Watching on the Walls: Meeting Resistance to Truth

From the June 2010 issue of The Christian Science Journal


In his article in this issue of the Journal (p. 27), Tom Black has brought out the crucial importance Mary Baker Eddy placed on Christian Scientists being alert to and dealing with the aggressive resistance to Truth she called "animal magnetism." She expected Christian Scientists to meet it with a healing response that was not naive concerning its nature, but that also recognized the powerlessness of evil in the face of the omnipotent power of God and His Christ.

RESISTANCE IN THE FORM OF MEDIA ATTACKS

One way this resistance showed up during Mrs. Eddy's lifetime, and ever since, has been in the area of public discourse about Christian Science. Beginning in the 1870s, Mrs. Eddy and other Christian Scientists began to refute publicly disseminated falsehoods about Christian Science. She made this activity a permanent part of the healing mission of her Church in December 1898, when she started the Committee on Publication. The Committee, at first consisting of three members, began its work in January 1899. And by the next year, Alfred Farlow had been appointed to head up the activity from his base in Boston.

As I've read Mrs. Eddy's letters about the Committee on Publication, it's been interesting to me to see that her conception of it was very far from its being merely a "public relations" arm for her Church. She saw its purpose as deeply Christian—as an activity itself impelled by the light of the Christ triumphing over all that would resist its healing power. A good illustration of how Mrs. Eddy's vision for the Committee was translated into action can be seen in documents written in the midst of the aggressive media attacks on Mrs.
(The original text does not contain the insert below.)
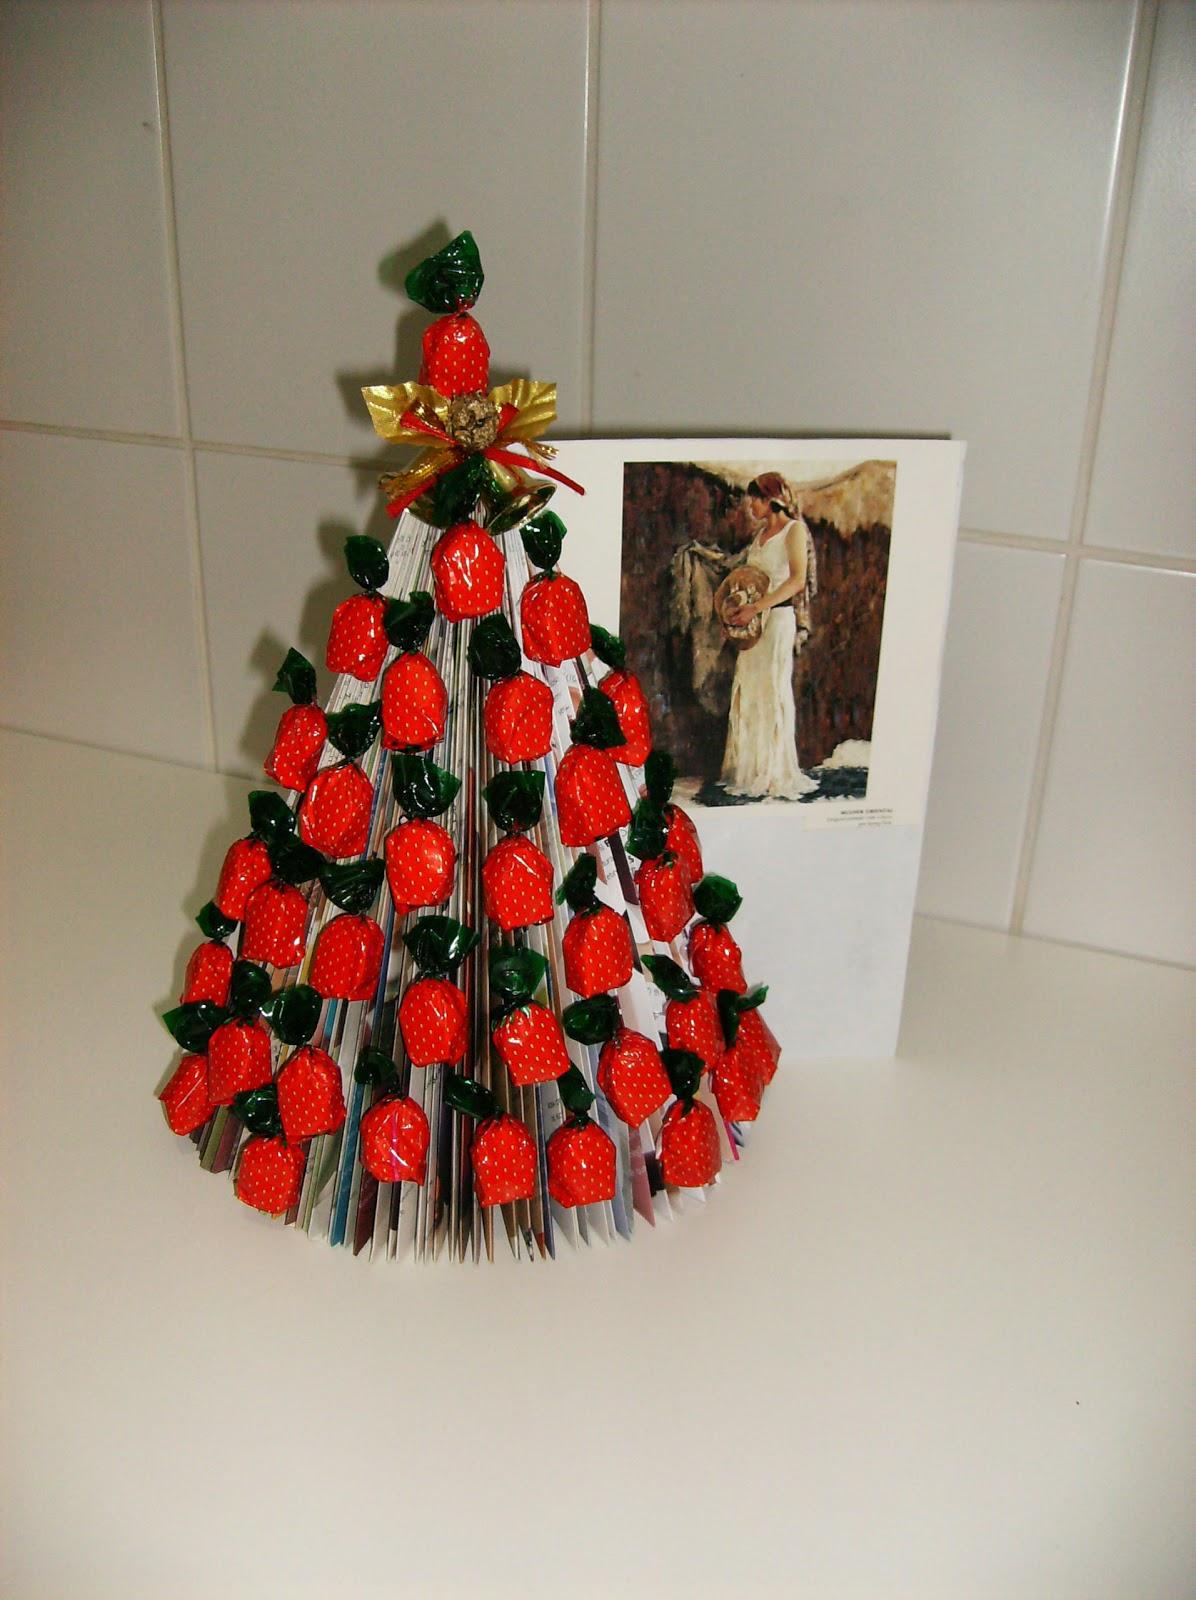 decoracao arvore de natal reciclavel : decoracao arvore de natal reciclavel:Nesta árvore foi utilizada uma revista velha com as folhas dobradas e

Eddy and Christian Science during the years 1900-1901. This was the period of a sensational lawsuit brought against Mrs. Eddy by Josephine Woodbury, a student of Mrs. Eddy's who had left Christian Science and was now doing everything she could to bring it down. One of her first major efforts along these lines was a vicious article about Mary Baker Eddy and Christian Science, published in May 1899 in The Arena magazine.

Woodbury saw a further avenue for attack when she read Mrs. Eddy's June 1899 Communion Address to The Mother Church, in which Mrs. Eddy referred to the symbolism of the doom of the "Babylonish woman," found in the Book of Revelation. Claiming that Mrs. Eddy was referring to her as this woman, Woodbury sued for libel on July 31. She did what she could to try the suit in the press as well as in the courts, and it's not surprising that other sensational attacks on Christian Science found their way into the press at this time. Members of the new Committee on Publication certainly had their work cut out for them!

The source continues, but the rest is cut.